On 8 July 2025, the Financial Action Task Force (FATF) – the global standard setter for countering the financing of terrorism (CFT) – published “the most extensive global assessment of terrorist financing risks to date”, drawing on contributions from over 80 jurisdictions in the FATF’s global network for the first time in 10 years. Given the increasing importance of new technologies in the financial tradecraft of terrorist groups, the review dedicates substantial focus to these risks and vulnerabilities, including in relation to mobile money, cryptocurrencies, and social media. This Insight introduces the FATF and explains its authoritative role in shaping CFT tools and measures, including why what it says really matters for practitioners, policymakers, researchers, and others concerned with terrorism financing (TF).

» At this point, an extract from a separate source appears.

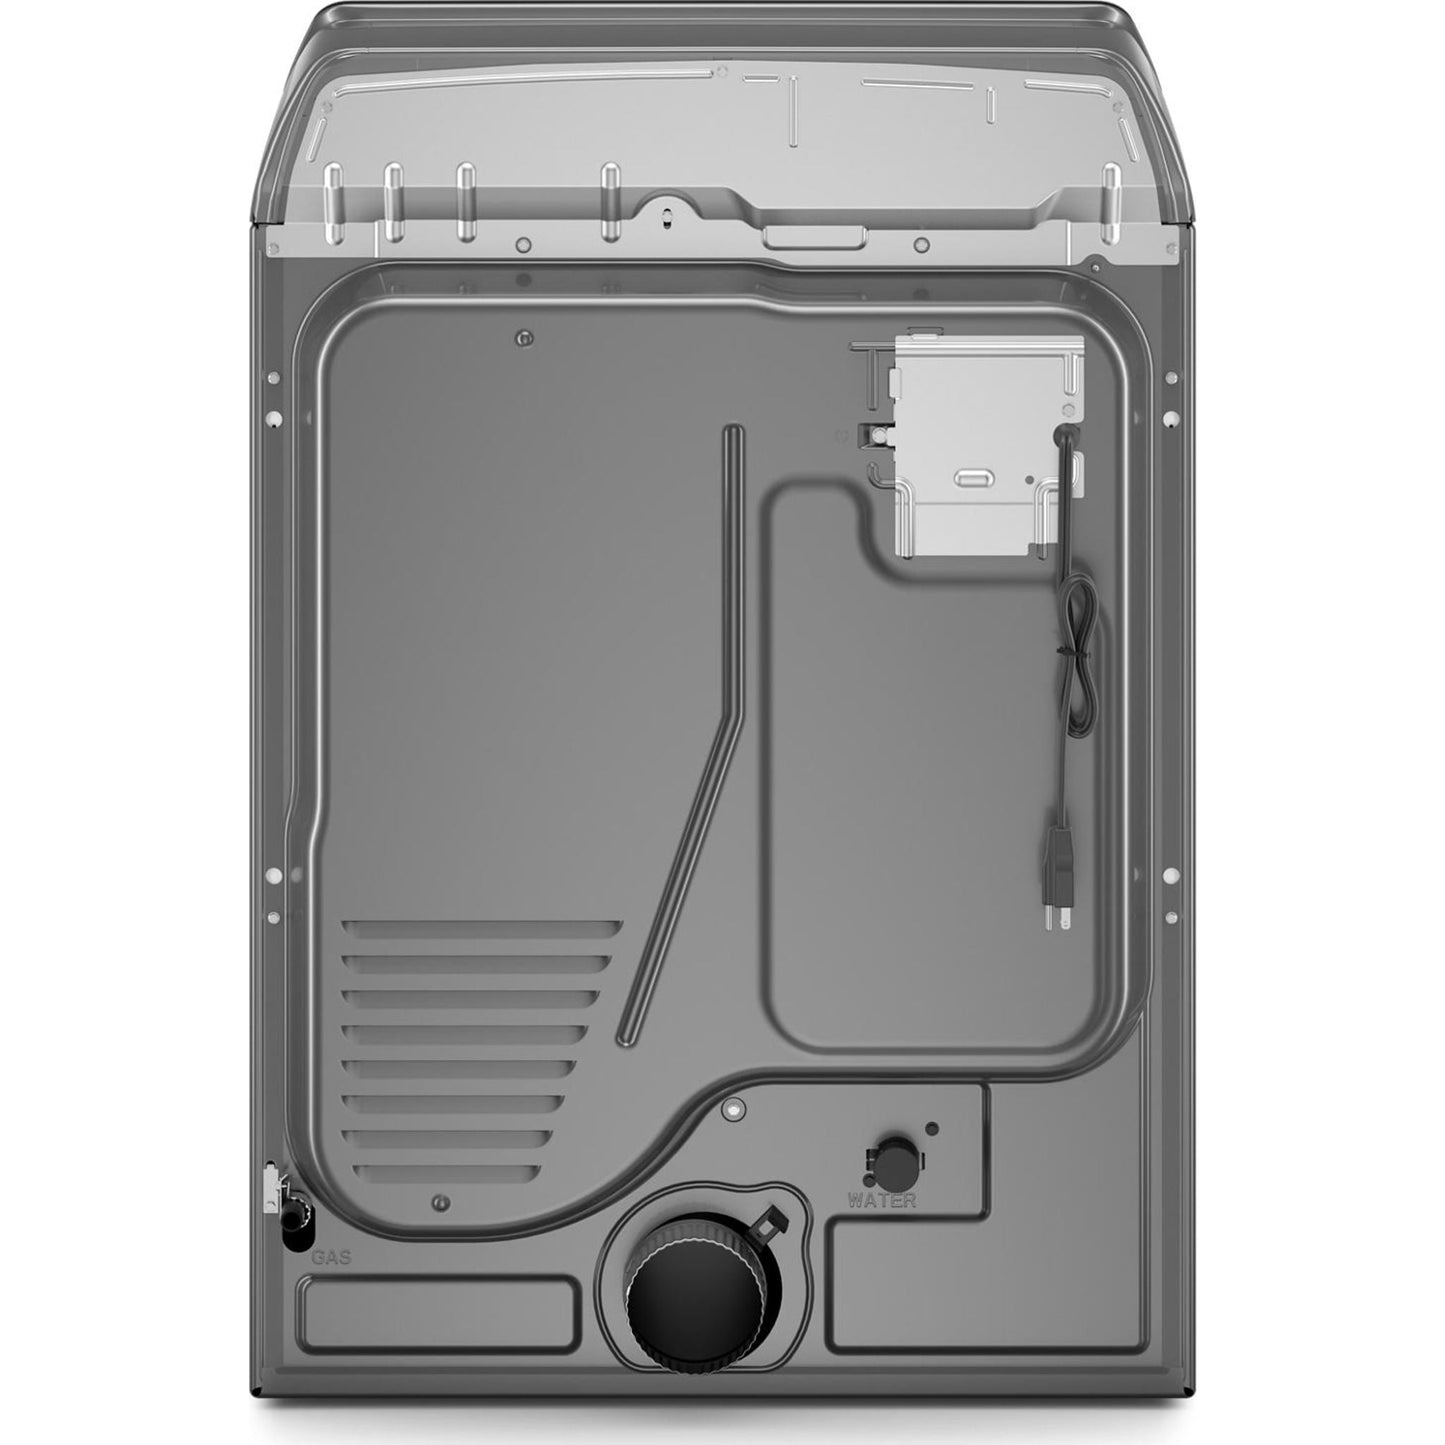 Whirlpool Gas Dryer (WGD6120HC) - Chrome Shadow

The FATF, Illicit Finance, and CFT
Just days after the 9/11 attacks, both the UN Security Council and the FATF set to work rectifying how Al Qaida had managed to exploit the global financial system to bankroll such a monumental act of terror, turbocharging a policy agenda initiated by the 1999 Convention for the Suppression of the Financing of Terrorism, which had rather embarrassingly been ratified by only four states prior to 9/11. While the Security Council passed resolutions establishing new bodies like the Counter-Terrorism Committee and its Executive Directorate, and imposed targeted financial sanctions on Al Qaida figures, the FATF convened an emergency meeting to devise new international standards for CFT, largely adapting existing anti-money laundering (AML) measures to this novel type of “illicit finance”. This two-headed global framework (see Figure 1) was built within a matter of weeks and has remained largely intact for a quarter of a century.
Figure 1: A Venn diagram illustrating the twin hosts of the countering the financing of terrorism (CFT) policy agenda (Source: author’s own, reproduced with permission only).
The FATF’s most unique value-add to the global CFT project is its process of mutual evaluations, whereby FATF member countries peer-review each other’s implementation of the standards. Receiving poor grades on a mutual evaluation risks a jurisdiction being included on the FATF’s “grey list”, which carries real economic consequences and thus acts as a powerful inducement for states to pass the FATF test. For this capacity to force fairly drastic behaviour change on the part of states, the FATF has earned the reputation of being “the most important organisation most people have never heard of”.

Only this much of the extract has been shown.